At home, it sounds like you're making all the right moves, reading labels carefully. Here, you can advocate as well. Thank your store manager for stocking clearly-labeled brands (avoid products with terms like "curing salt" and "pink salt") and ask if they'd consider adding more. Call or send emails to producers doing the same and let it be known that you'll be voting with your dollars. Keep a running document with safe and unsafe choices on it and while you're at it, maybe even make that information public so other people can share their wisdom and benefit from yours. Commonality breeds community, and you could get to know some new people where you live.

A caveat: Even products that claim to be "no-nitrites-added" due to the use of celery as a curing agent will still contain them, just "naturally"—and your body cannot tell the difference. So when it comes to bacon, sausage, and ham, opt for uncured where you can, and work with your doctor to determine what your acceptable levels are.

As for barbecue, the danger for you would likely be in the rub—the blend of seasonings that the meat is coated in before it's smoked. Lots of commercial and restaurant barbecue rubs contain nitrates and nitrites (again, that "curing salt" and "pink salt") and the people using them may not even know. Go ahead and ask and if they can't properly answer, skip it. If you really want to take the pig by the snout, making barbecue at home is a great way to know what you're eating—and a fantastic excuse to invite people over. I swear by Steven Raichlen's all-purpose rub, and it's incredibly easy to make in big batches at home.
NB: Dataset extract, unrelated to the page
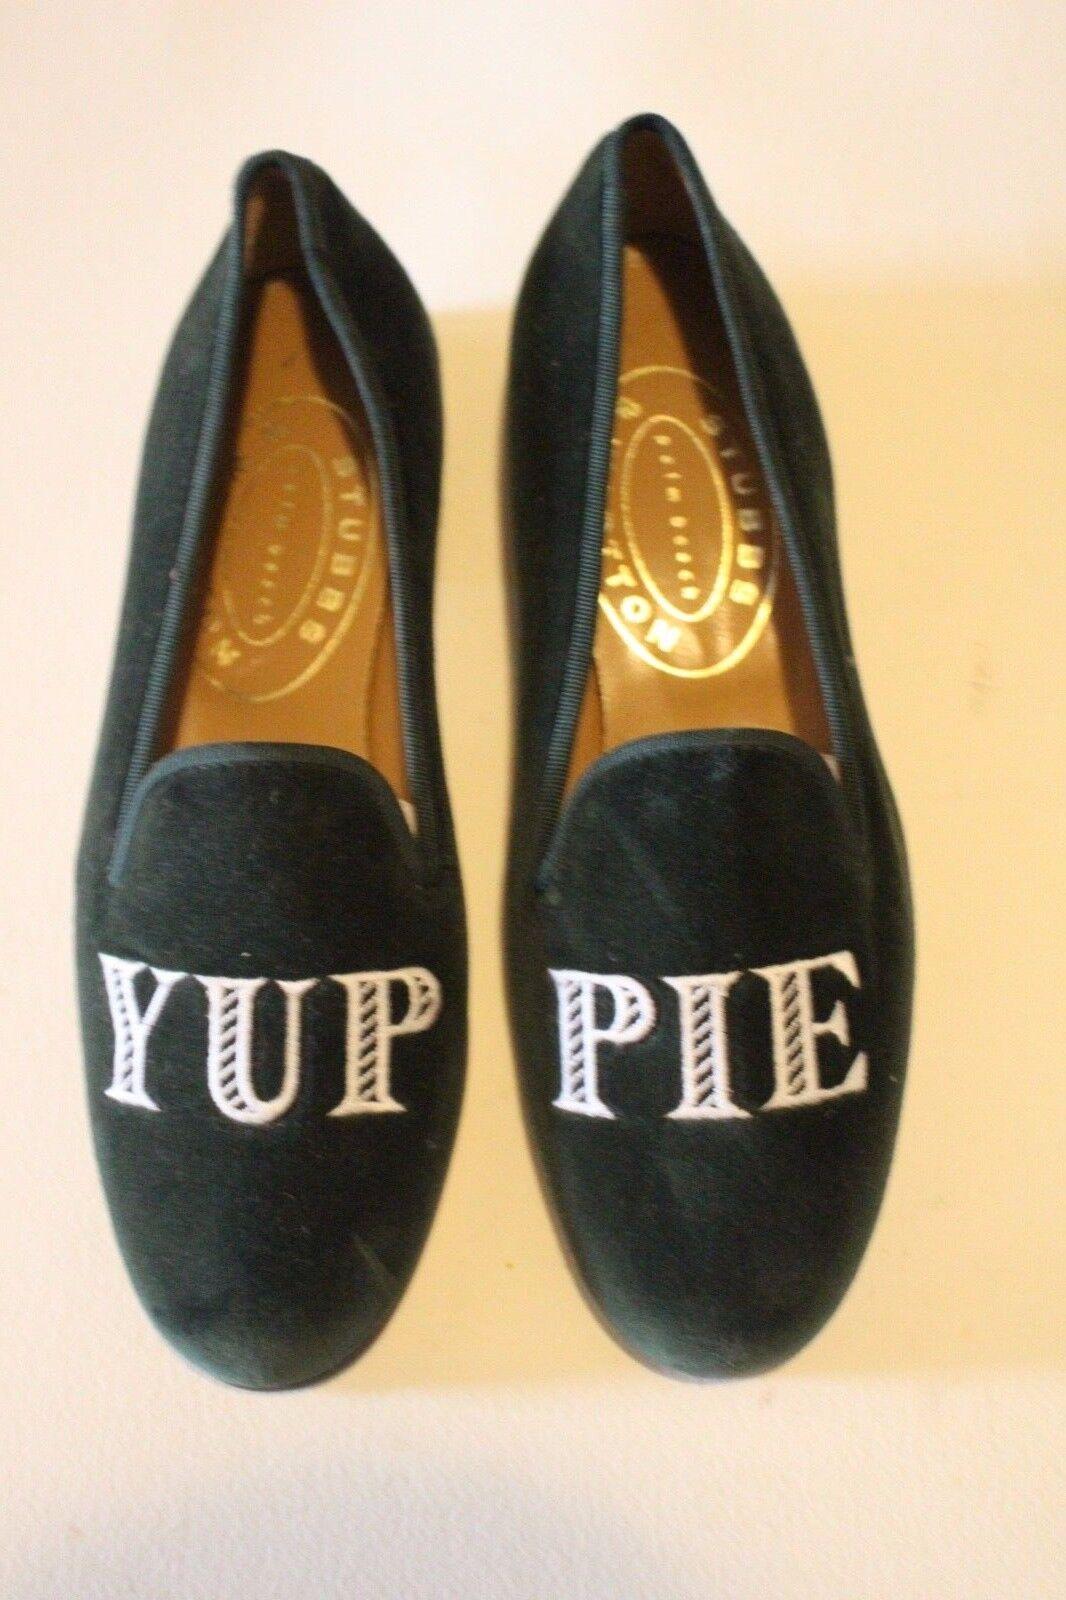 Terciopelo verde yuppie PREP Stubbs & Wootton Zapatillas para mujer Talla 7.5

And if you're feeling extra ambitious (and have the room to do this), you could go whole-hog and learn how to make bacon and sausage yourself. The barbecue community is fantastically generous with their knowledge—plus seriously fun to hang around—and there are groups all over the country. I've been a member of the Kansas City Barbeque Society for a long time now and they've got branches all over the country, packed with passionate, meat-loving people who I'm sure would be happy to help you recreate that pulled pork dish in a safe and delicious fashion.